_Work order_: Consider the listing below. Extract exactly the lines from the line containing "enjoy a plate of proper ‘seaside chips!’" to the line containing "Afro Cubism Tennis Club Silk Shorts - 1", both included.

_Exercise materials_:

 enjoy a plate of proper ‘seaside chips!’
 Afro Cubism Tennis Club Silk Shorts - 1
* * *
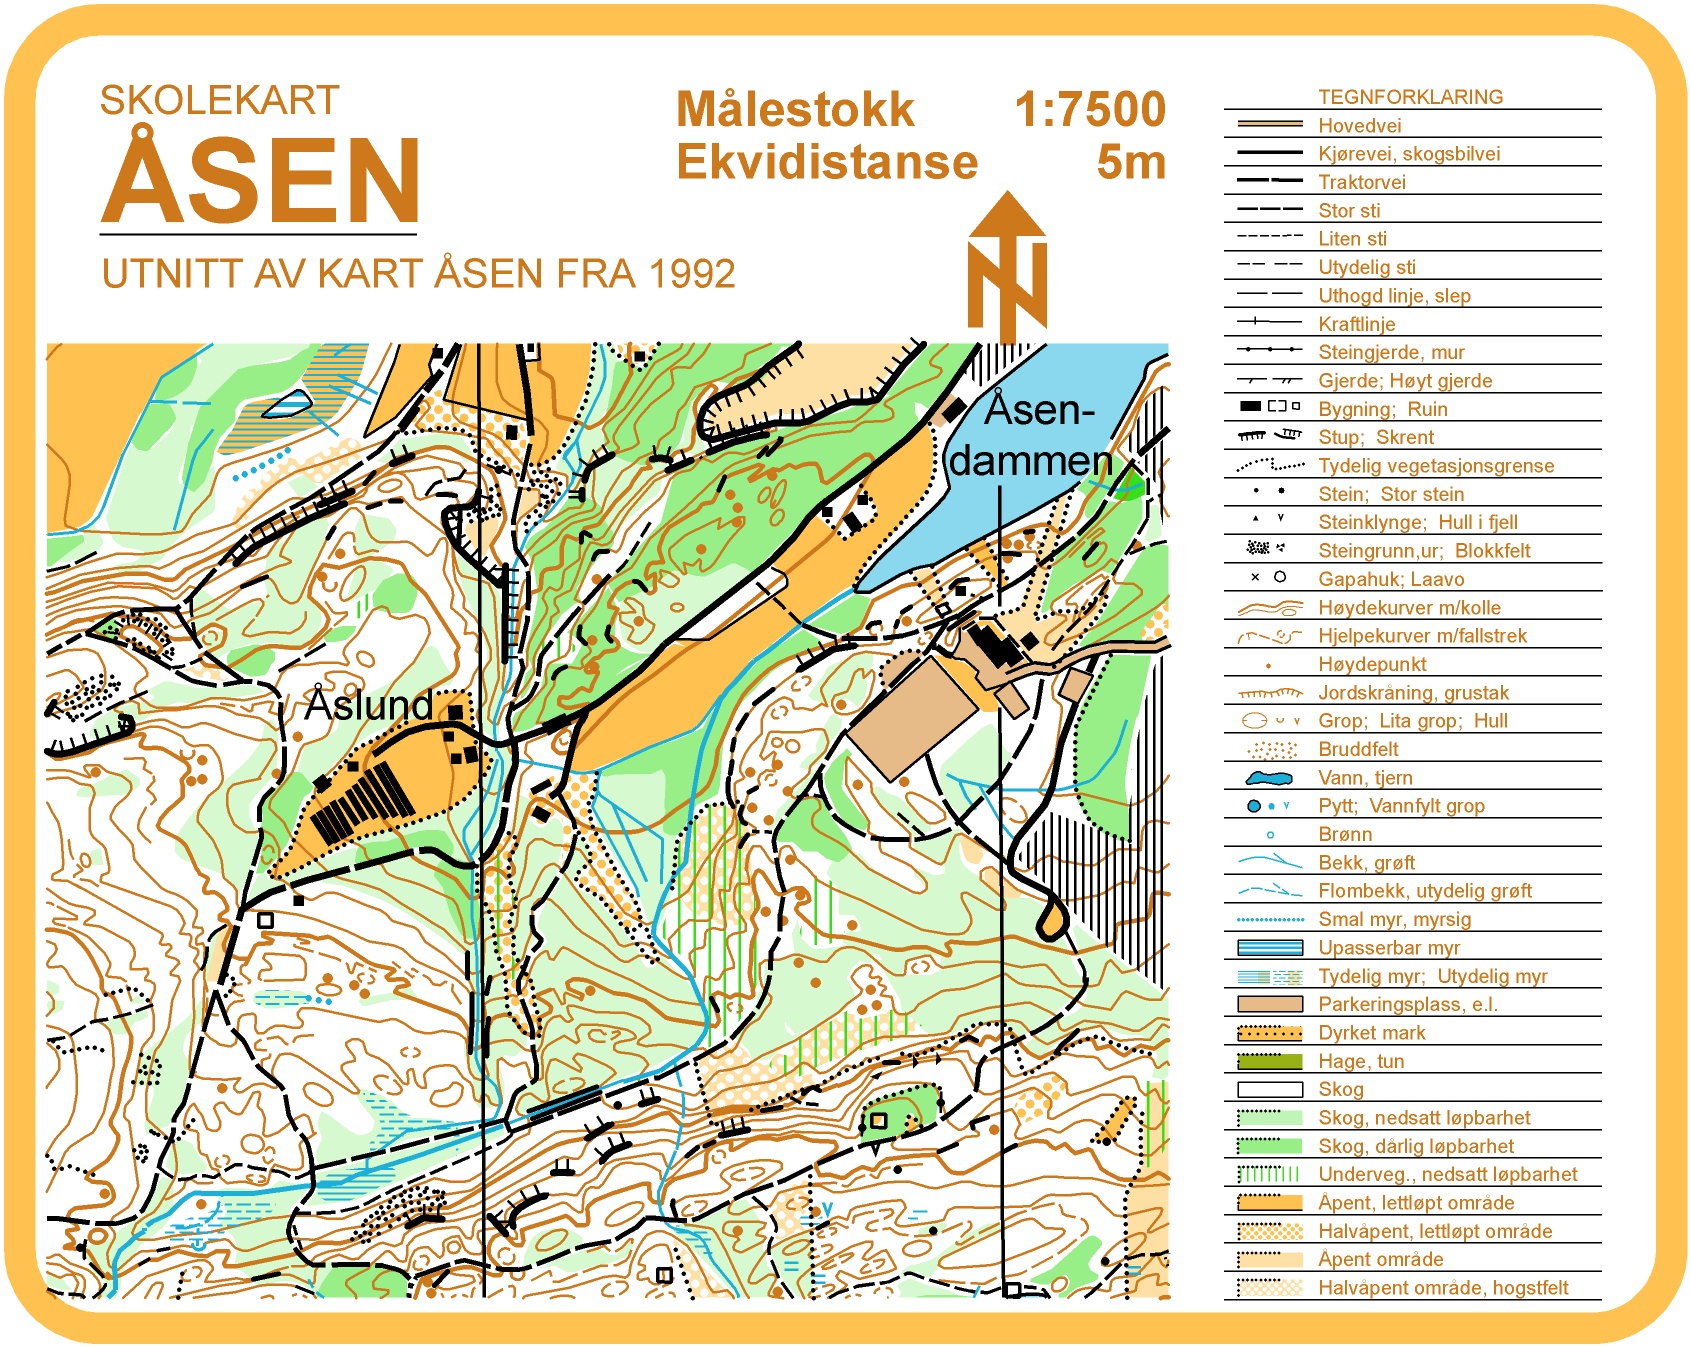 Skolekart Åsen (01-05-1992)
--
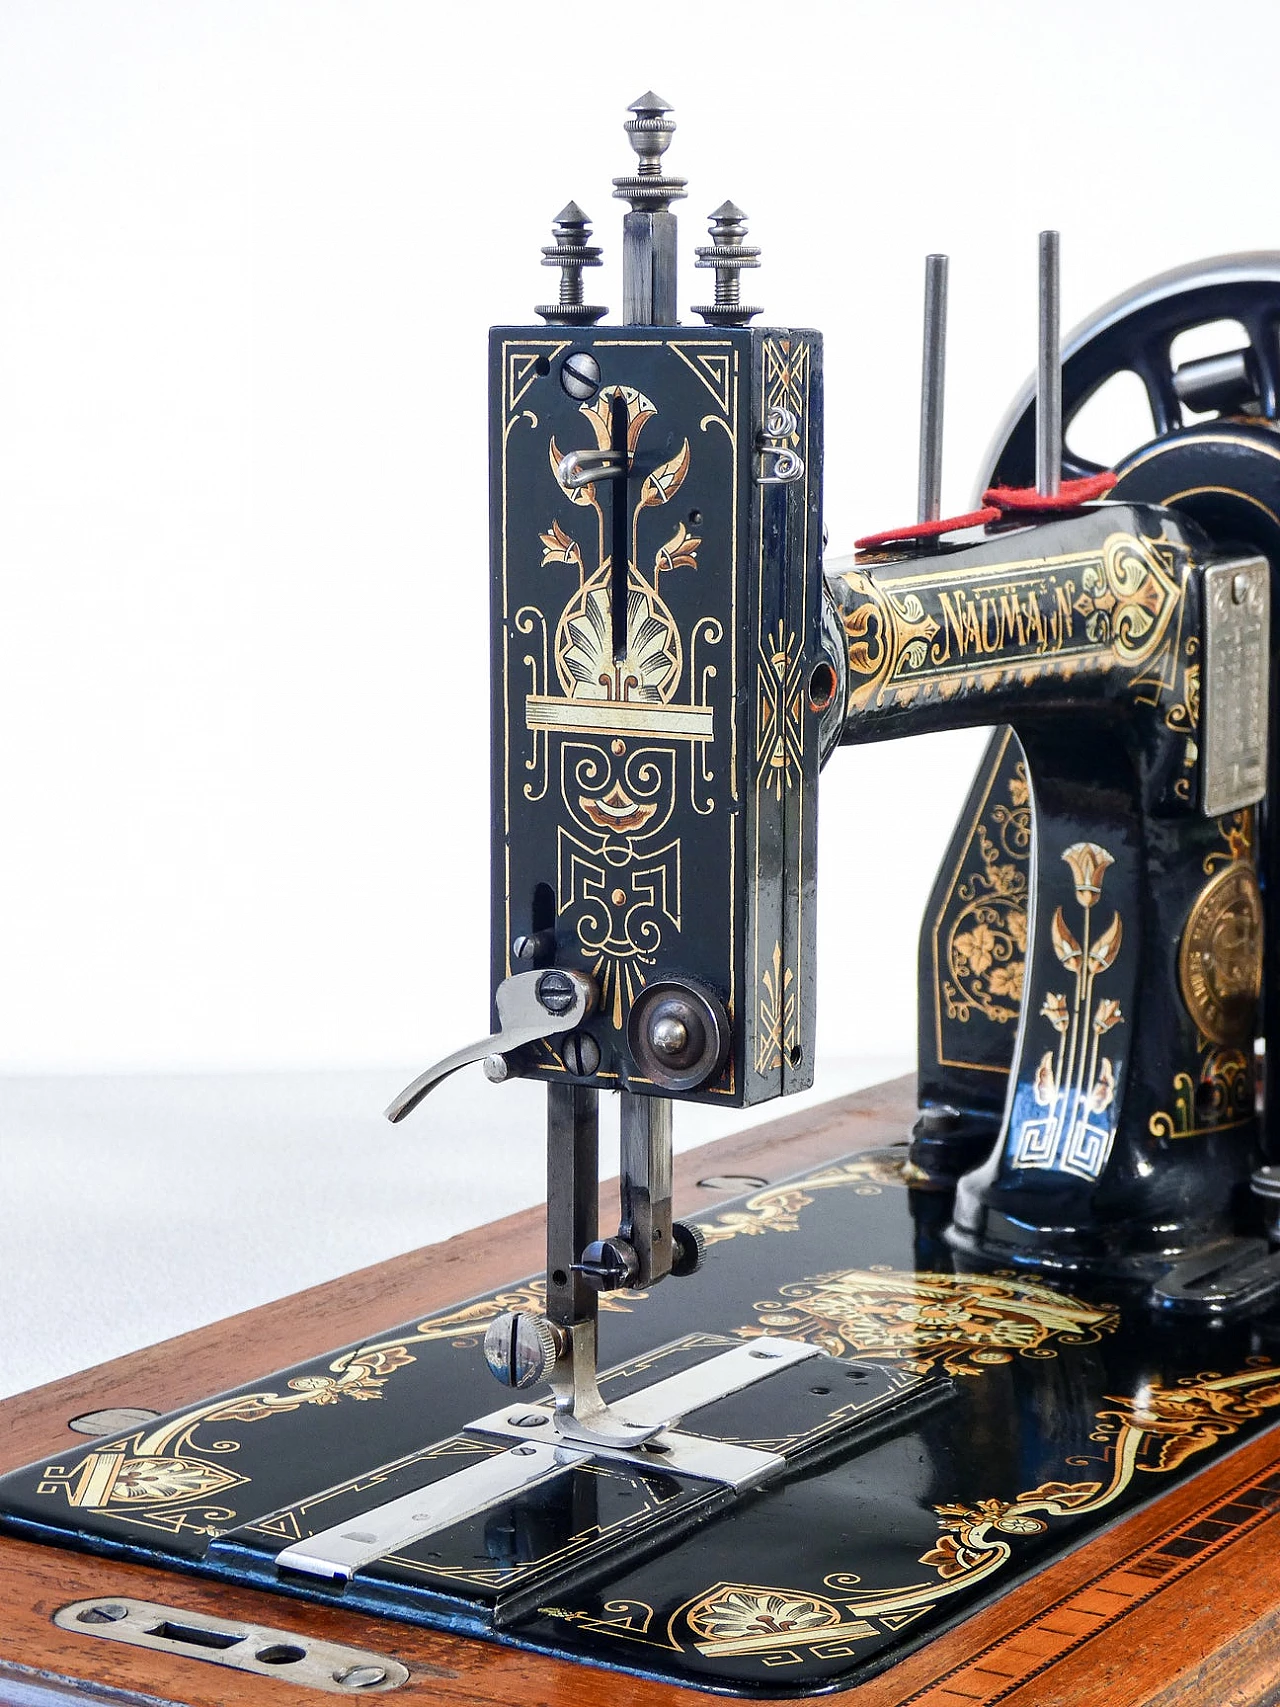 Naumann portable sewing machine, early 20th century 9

_Exercise answer_:
 enjoy a plate of proper ‘seaside chips!’
 Afro Cubism Tennis Club Silk Shorts - 1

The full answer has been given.